Her parents not only instilled the importance of education into her, but they also inspired the activist within her. During the Reconstruction Era, her parents became active with the politics going on at the time. She grew up in a space where she understood the importance of speaking up and fighting for what’s right.

Before she became a Journalist, she was an educator in a segregated public school. Wells believed in equality and found herself fighting to achieve it even if that meant putting herself at risk. In the end, she ended up getting fired due to how vocal she was. After being fired, Wells found a new outlet that would expose the system for what it really is. As co-owner of a newspaper in Memphis, she “used her paper as a platform to crusade against lynching, gathering statistics and collecting testimony” (Gates 155). After receiving an extensive amount of backlash and threats, it was made impossible for Ida B. Wells to stay safe while working towards making great change. She moved from Memphis to Chicago and used her voice to continue the work she had started.

Her ability to create such a movement as a woman of color during that time was incredibly impressive. Though one of her most important accomplishments was the anti-lynching crusade, her work to empower other women of color also stands out. In 1914, she was determined to show African American women the power their vote has. Her determination led to her creating, the Alpha Suffrage Club. A couple years earlier she had co-founded the NACW which was also for women of color. She believed “the struggle of black women was part of the greater struggle of American women” (Gates 156).

Much like Ida B. Wells, Booker T. Washington found the importance of lifting up the African American community through the use of organizations and education. Booker T. Washington was focused on ensuring the African American community knew their worth and knew they could create a new path despite the one they had been placed on. He was a great leader who wanted to work towards getting rid of racial injustices.

He is well known for his thoughts on how best to thrive politically and economically. He believed hard work and development in crafts like farming and industrial skills could become very useful in the practice of other skills. He firmly believed hard work was the key to gaining financial independence and advancing as a community; he also hoped that if the white Americans saw that they did this on their own they would respect and accept them. 

Booker T. Washington is best known for his part in the establishment of Tuskegee University. With his help and leadership, the university became a leading University. He allocated some of his time to raise money for the school in addition to promoting it and the importance of education and the influence it would have on their development. It is important to note Washington also had some radical views some disagreed with. Unlike many other activists, Washington was comfortable with waiting patiently for results. His logic was to pose as little threat to the whites as possible. During the development of the university he even went out of his way to ensure the Tuskegee program would not interfere with the power or economy of the white American community. He said the subordination they faced by these white Americans was a temporary but necessary evil in order to get where they needed to go.

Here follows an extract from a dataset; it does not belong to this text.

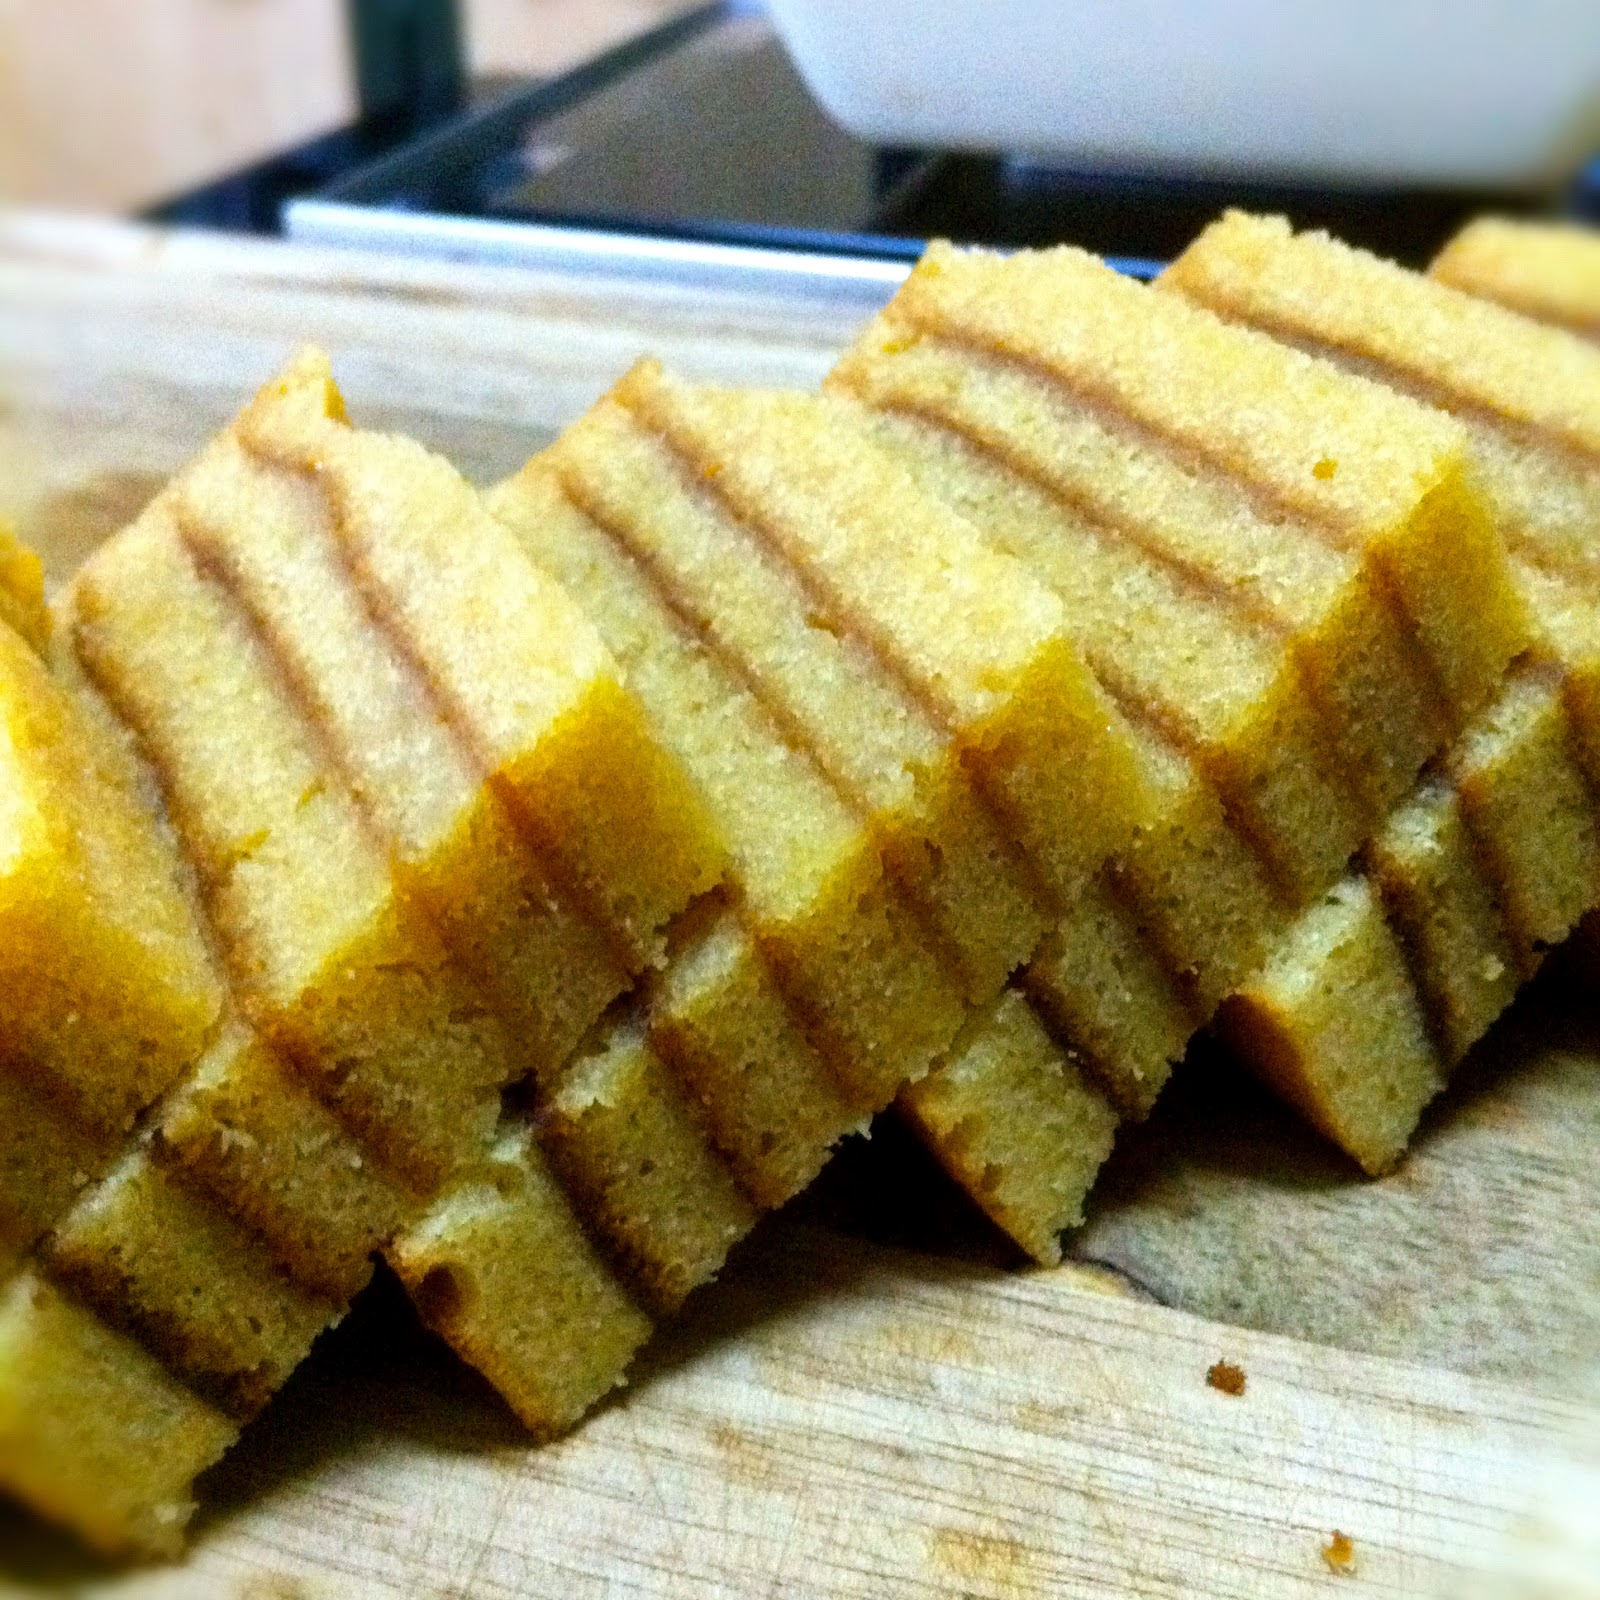 sarawak cake - photo #26

In total opposition, W.E.B Du Bois was radical in his own right. A common theme amongst these incredible leaders during this time is that in the end they are all searching for equality from the economic, social, and political standpoint. They all faught for their rights during a time when no one else was willing to put up a fight. They are also all quite radical in their own way. People like Du Bois wanted results right away whereas people like Booker T. Washington find that it will take time to get there.

Du Bois did not understand why Washington did not demand equality. During his life he helped found the NAACP which is a civil rights organization that was for the advancement of people of color. The goal behind all of the organizing was to eliminate all forms of injustice that was race-based within this system “designed” to protect but “coincidentally” hurt people of color.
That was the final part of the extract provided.